An ongoing investigation by the income- tax department, Sebi or an industry regulator, especially in jurisdictions outside India, is to be probed to know the severity and implications for the company. For instance, although Emcure Pharma has de-merged its US operations, it has ongoing civil proceedings in the US, including class-action antitrust cases and complaints filed by the US state attorneys-general, that could result in significant losses and liabilities.

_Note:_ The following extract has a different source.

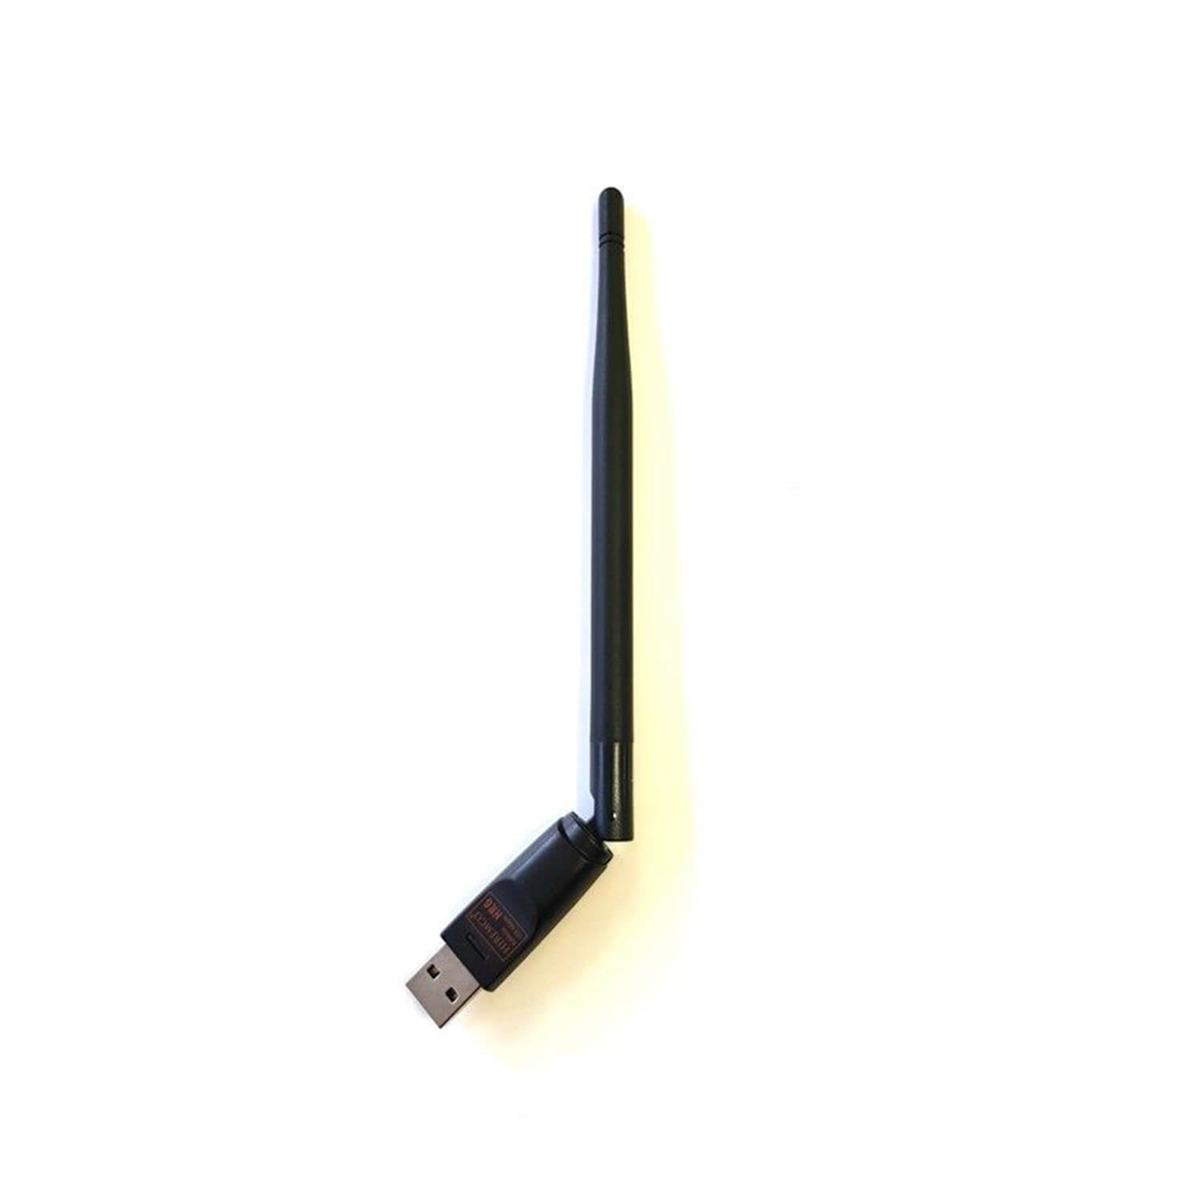 Hiremco 2.4 GHz 150 Mbps USB Kablosuz WiFi Adaptör MT-7601

Delay in payment of statutory dues

Delay in payment of statutory dues such as taxes, employee provident funds, etc., can be a sign of cash flow issues and poor management practices. For instance, there have been delays in payment of statutory dues in case of Allied Blenders on account of delayed collections from corporation markets, which resulted in interest to be paid on delayed payment of dues. For the nine months ended December 2023, the company paid an interest of ₹31 crore.

Records related to company not traceable

Prima facie, it may seem to be an innocuous aspect of old record-keeping for a company, but records related to corporate filings and forms not being traceable is a sign of gaps in company’s documentation and could impact the perceived reliability about the company’s governance.

These risk factors are broad red flags for long-term investors. These may not necessarily manifest into negative implication for a company. But they serve to be a broad gauge of the level of corporate governance maintained during the pre-IPO stage.